I never thought The Newt ever had a realistic shot at the Republican presidential nomination, for a variety of reasons that I'll get to shortly. But I thought he'd be in the race at least through the early primaries, if only to reinforce the Gingrich brand that has been so profitable to him.

Actually, I'm not sure if I thought that. Given that there's really no good reason for him to be in the race, it was inevitable that his candidacy would flame out. It was just a matter of when.

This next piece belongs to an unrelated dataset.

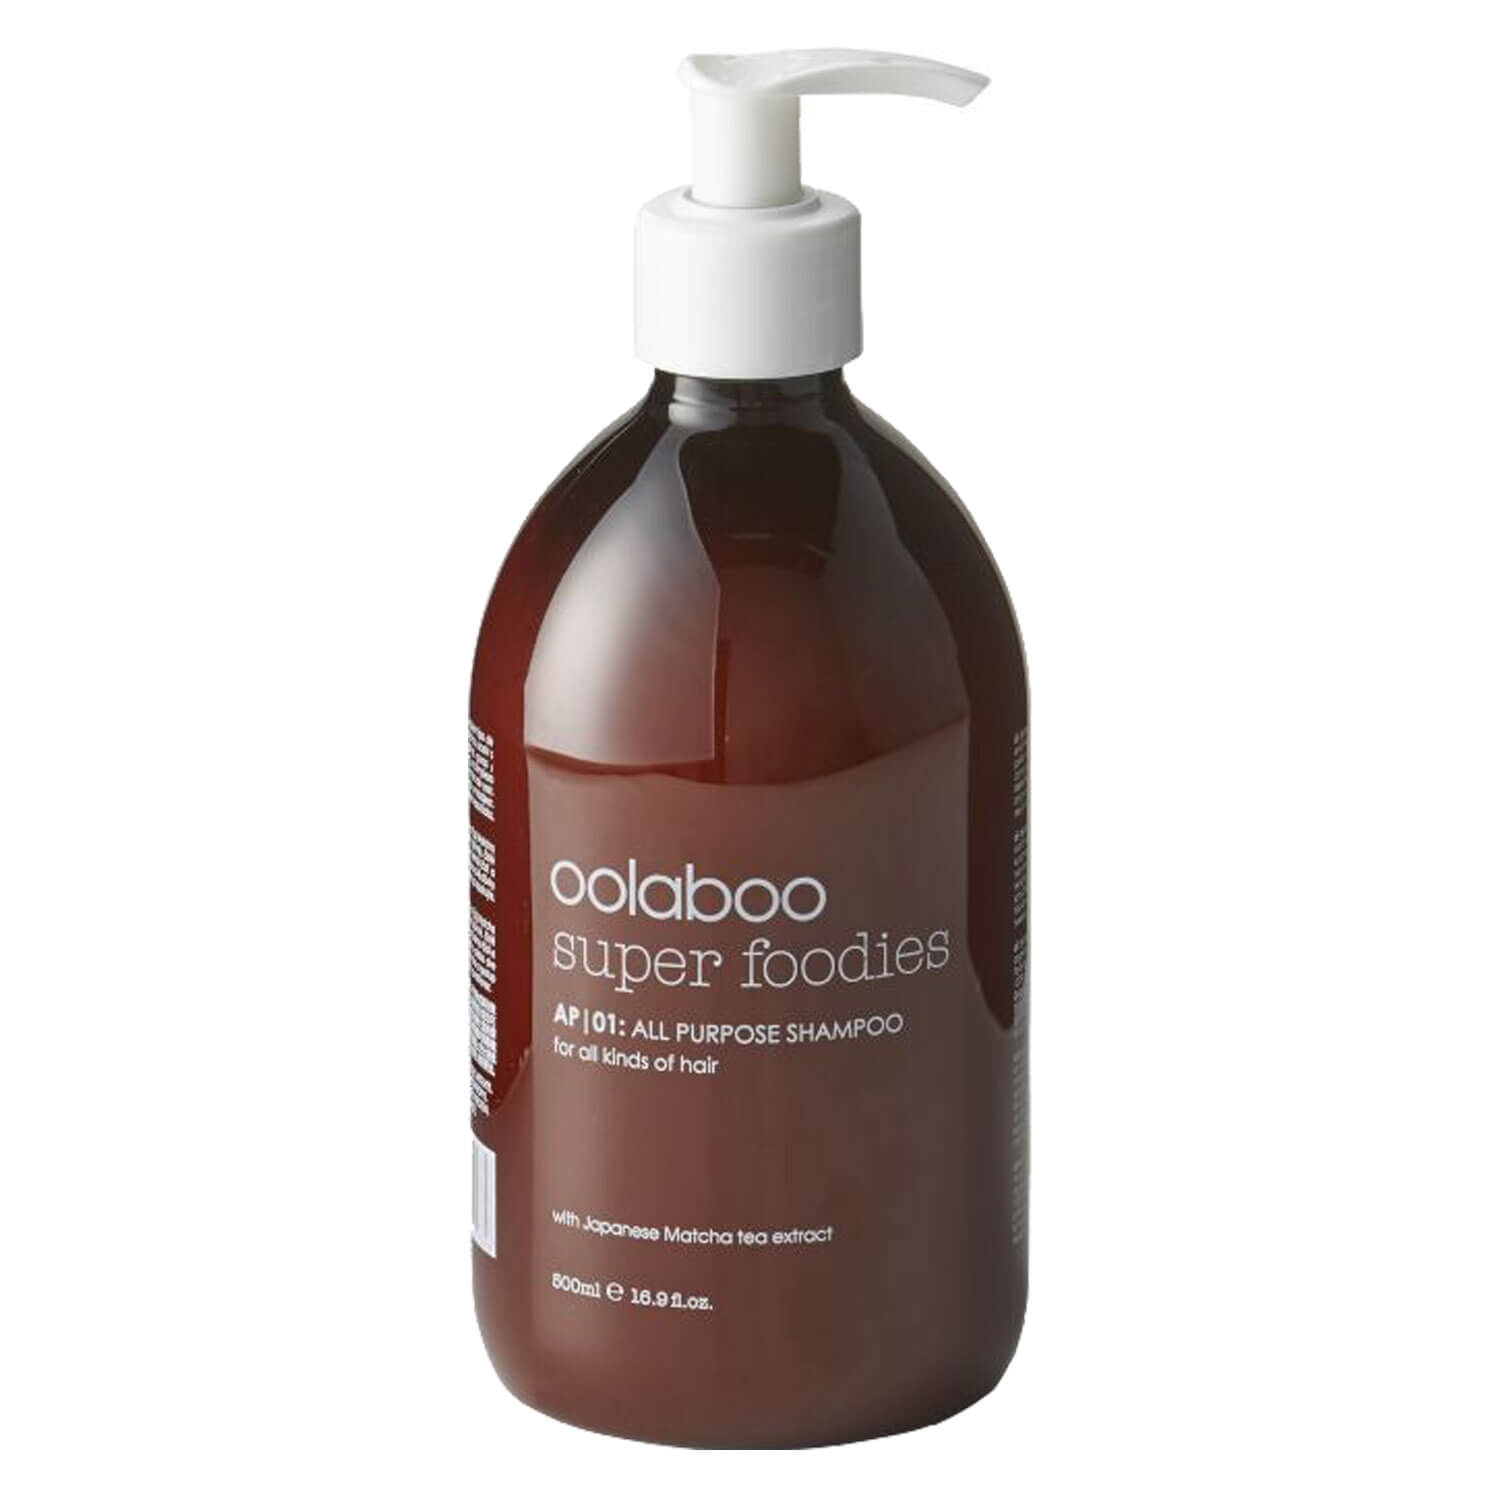 Product image from super foodies - all purpose shampoo

Even after he challenged Paul Ryan and the new GOP orthodoxy, though, even after he repented and predictably lashed out at the media, refusing to take responsibility for himself (as usual), even when it was clear that his candidacy was doomned, I figured he'd make it into the summer and then bow out (or middle finger out, or somewhere in between) quietly, without anyone really paying any attention, without any sort of eulogy to his catastrophic campaign.

He may still last that long, but it's over, more or less. The headlines say it all:

Politico: "The Newt Gingrich campaign implosion."

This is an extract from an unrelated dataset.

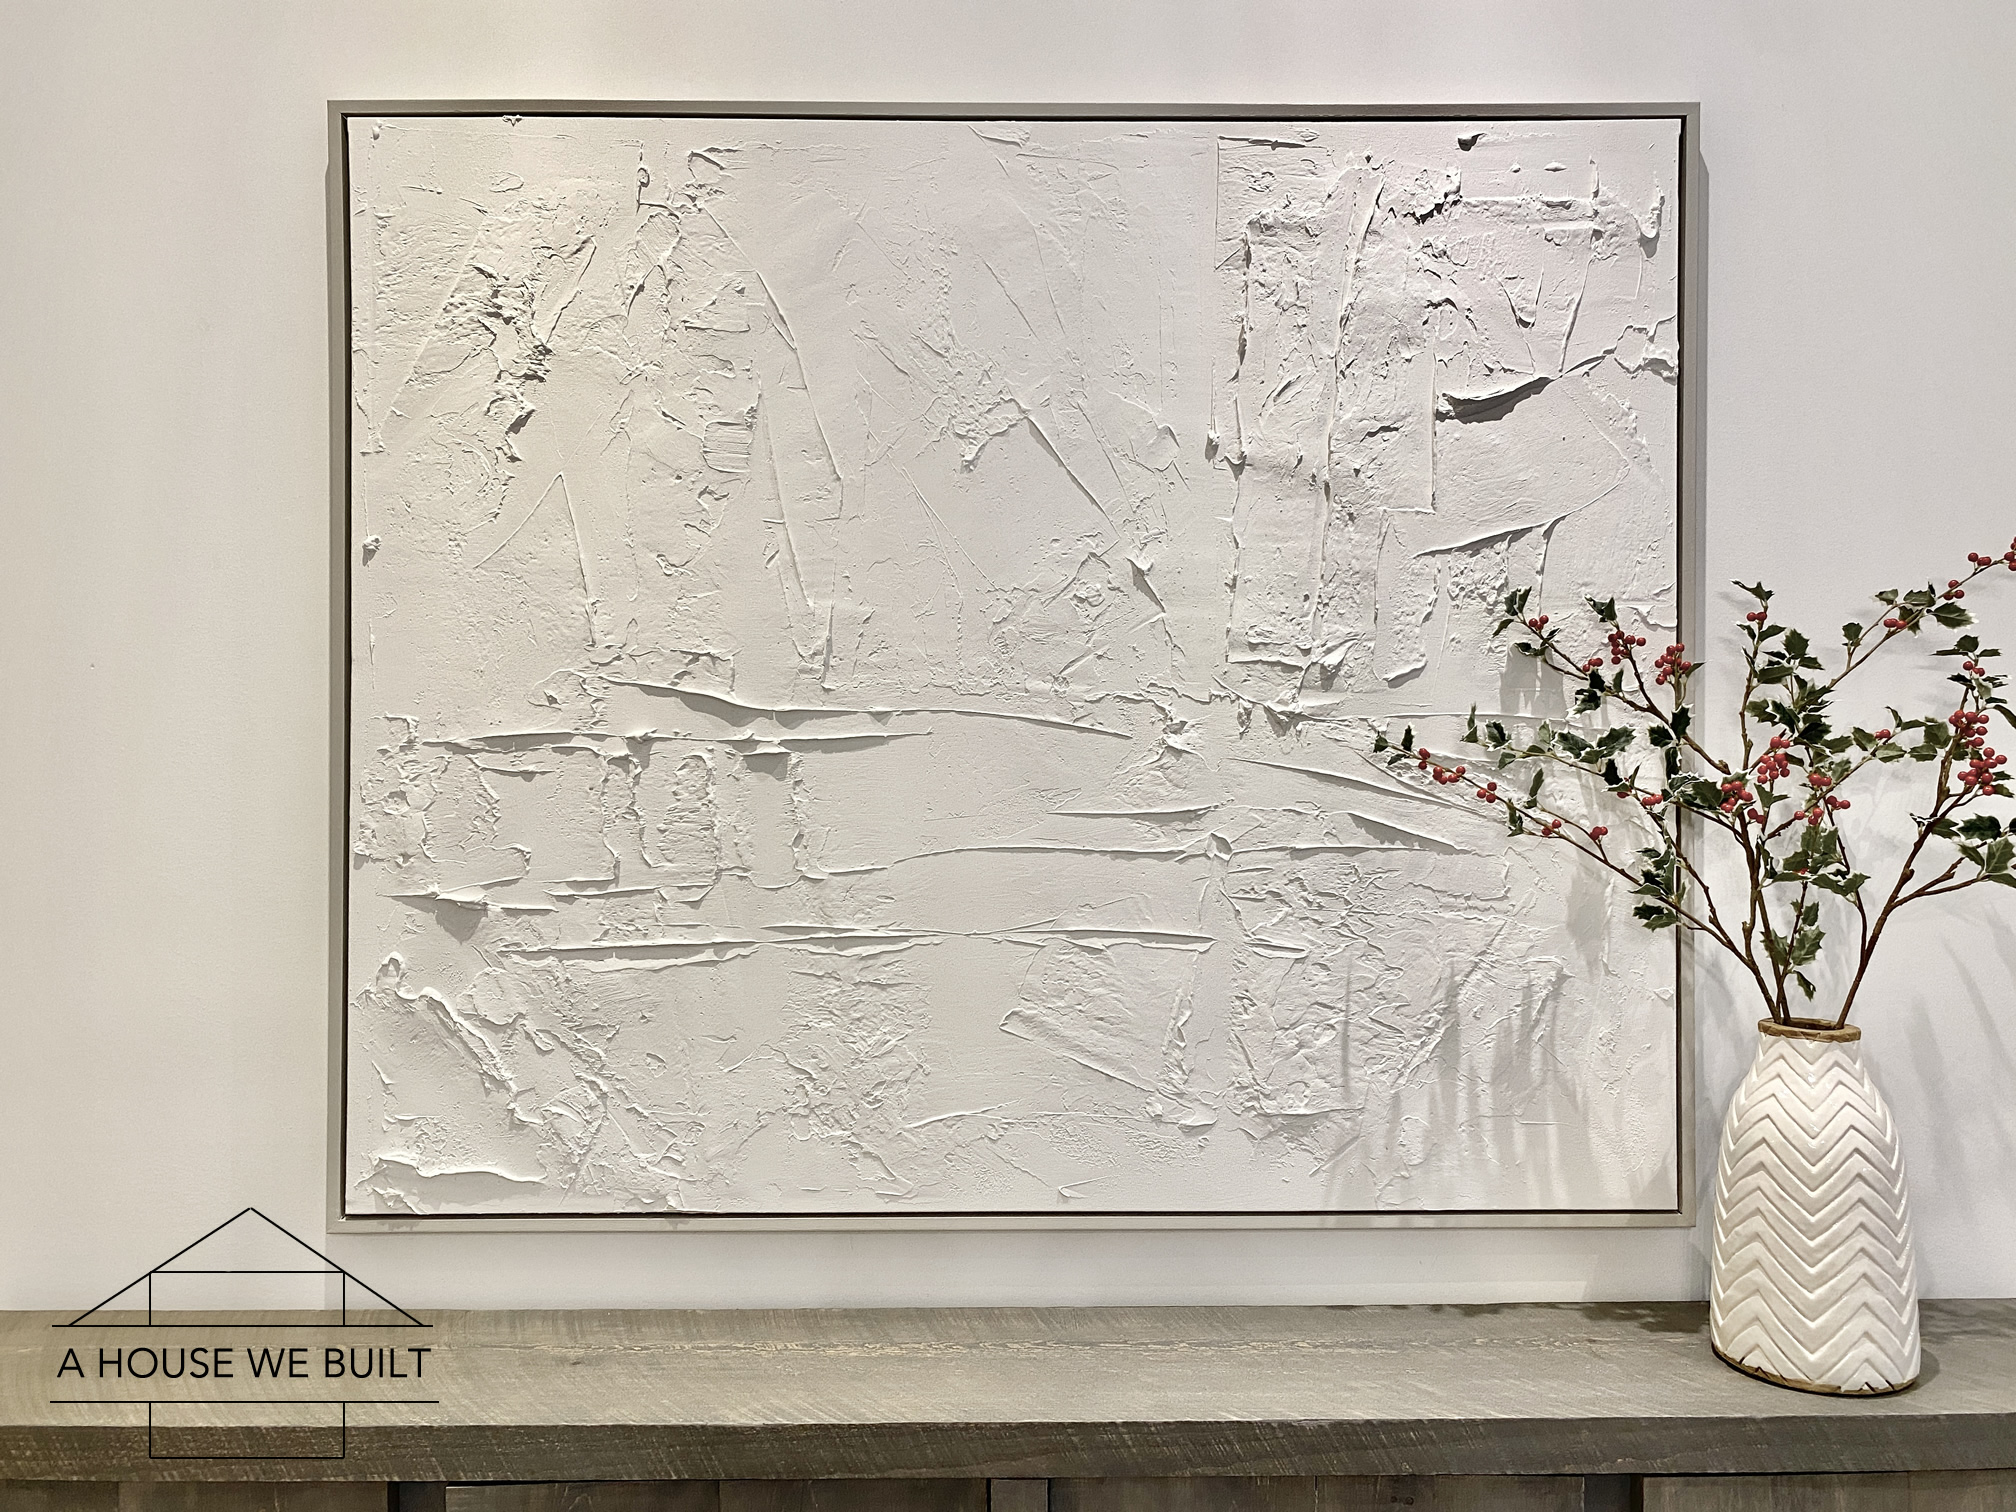 Plaster Coated Concrete Wall Texture A Horizontal Blank Canvas

WaPo: "Gingrich presidential campaign implodes."

(The word of the day, kids, is implosion.)

NYT: "Gingrich’s Senior Campaign Staff Resigns."

MSNBC: "Senior Gingrich aides resign campaign en masse."

And from the state where it all begins, and where you pretty much have to make your mark if you have any hope of winning it all:

The Des Moines Register: "Gingrich's entire paid Iowa campaign team resigns."

Etc., etc., etc. His top people in Iowa stepped down, but so did his top people in New Hampshire and South Carolina. This was indeed massive.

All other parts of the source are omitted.